Water supplies often contain elevated levels of various forms of this element and RO/DI systems must therefore be properly maintained to control levels of this nutrient. Additionally, many foods and some additives contain excess amounts of this element. Even seafood purchased for human consumption contain levels of Phosphorus that are unacceptable in delicate marine systems. If you have any type of excess algal growth, you may have too much of this component in your system. If test results indicate elevated levels, ENC Labs must identify the source of this nutrient and prevent further addition to your system.

Total Organic Carbon (TOC)

This is an excellent measure of the bio-load on an aquatic system. It represents any carbon derived from organic matter (other than inorganic sources such as carbonates). In natural seawater, the primary input of this component is from the photosynthetic fixation of inorganic carbon dioxide by phytoplankton.
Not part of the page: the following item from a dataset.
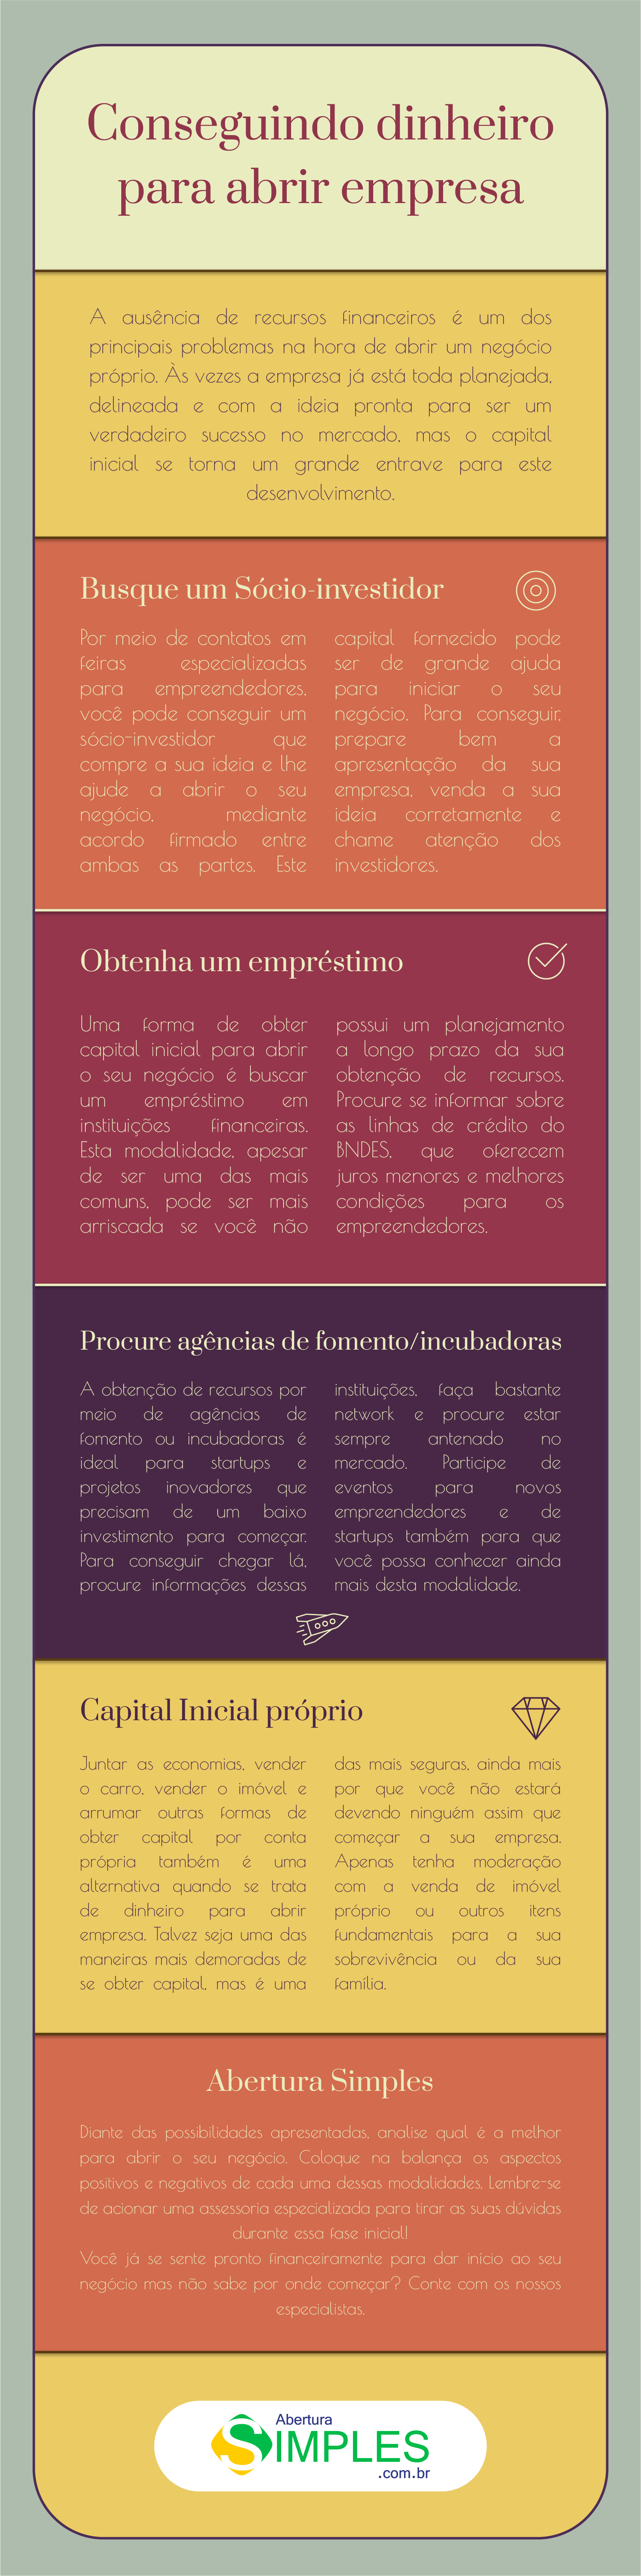 Imagem de um infográfico que mostra algumas dicas de como conseguir capital para abrir a sua empresa
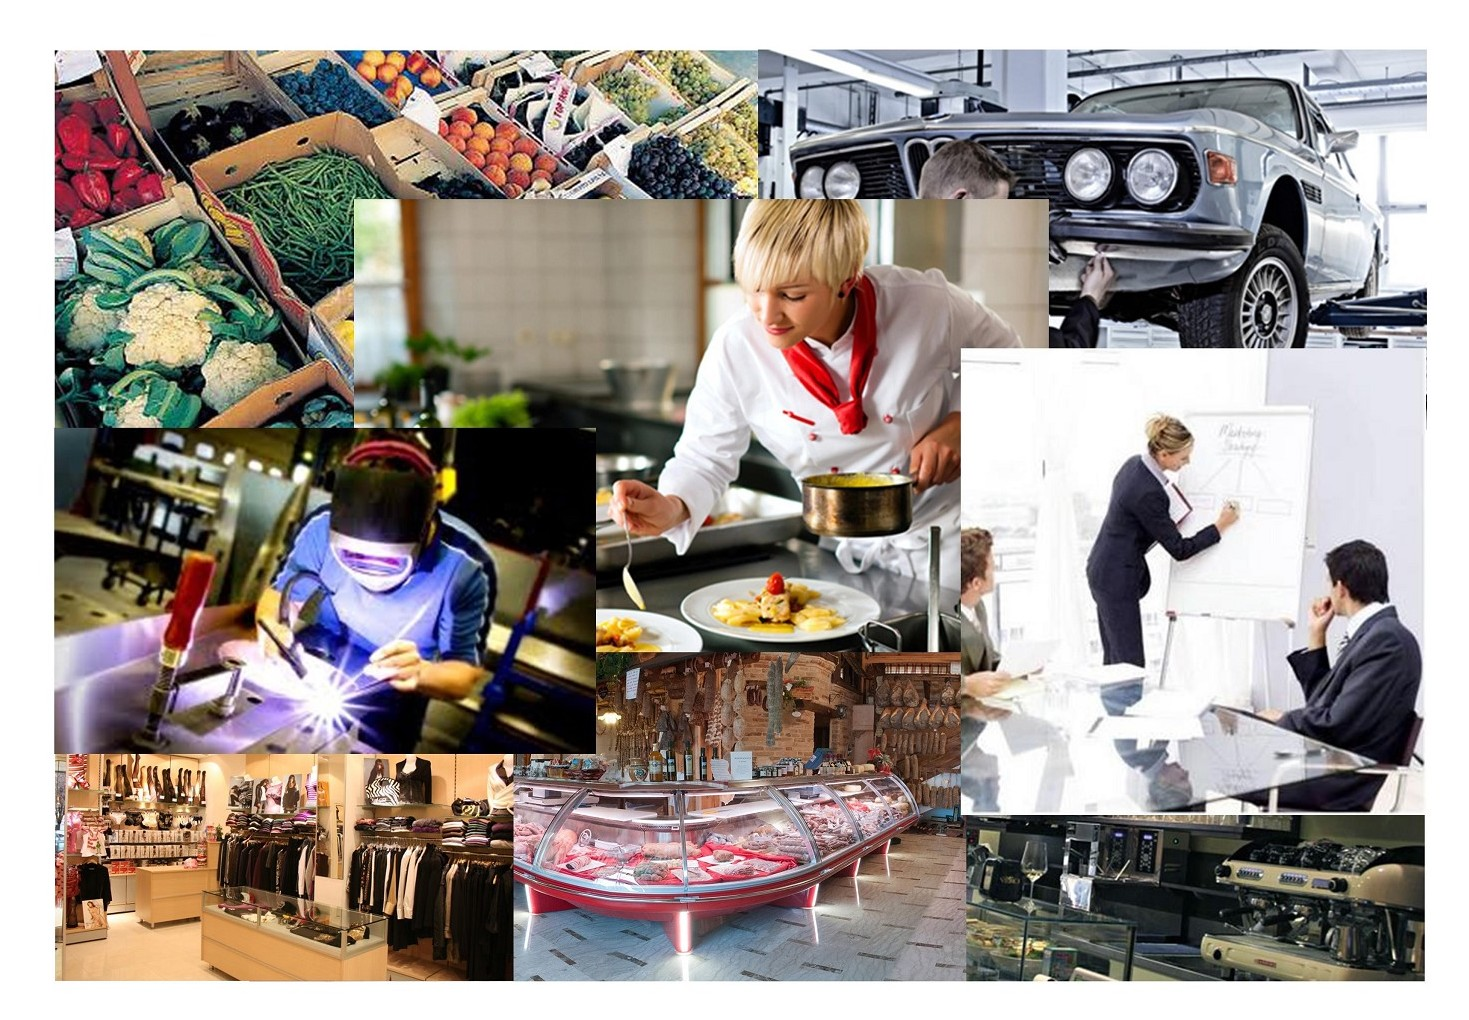 Cessione attività: come vendere l'attività commerciale

In a closed system, the TOC could be coming from any photosynthetic organism which also fixes carbon, waste from various life forms, or other artificial sources such as vitamins, supplements, and additives that are dosed into the system. Ultimately, these organic components become nutrients, but excessive levels are unhealthy.

Natural seawater contains about 1 ppm TOC and is considered to be "nutrient-poor." Closed marine systems often contain elevated levels such as 10 to 25 ppm TOC. This is undesirable, especially in a reef environment. If test results indicate this condition, we advise judicious use of a high quality activated carbon strategically placed in the water flow. Ozone can also be used to control this parameter in closed systems. If elevated levels persist, we must identify the source of this nutrient and limit its addition to the system creating a more desirable environment for the lifeforms.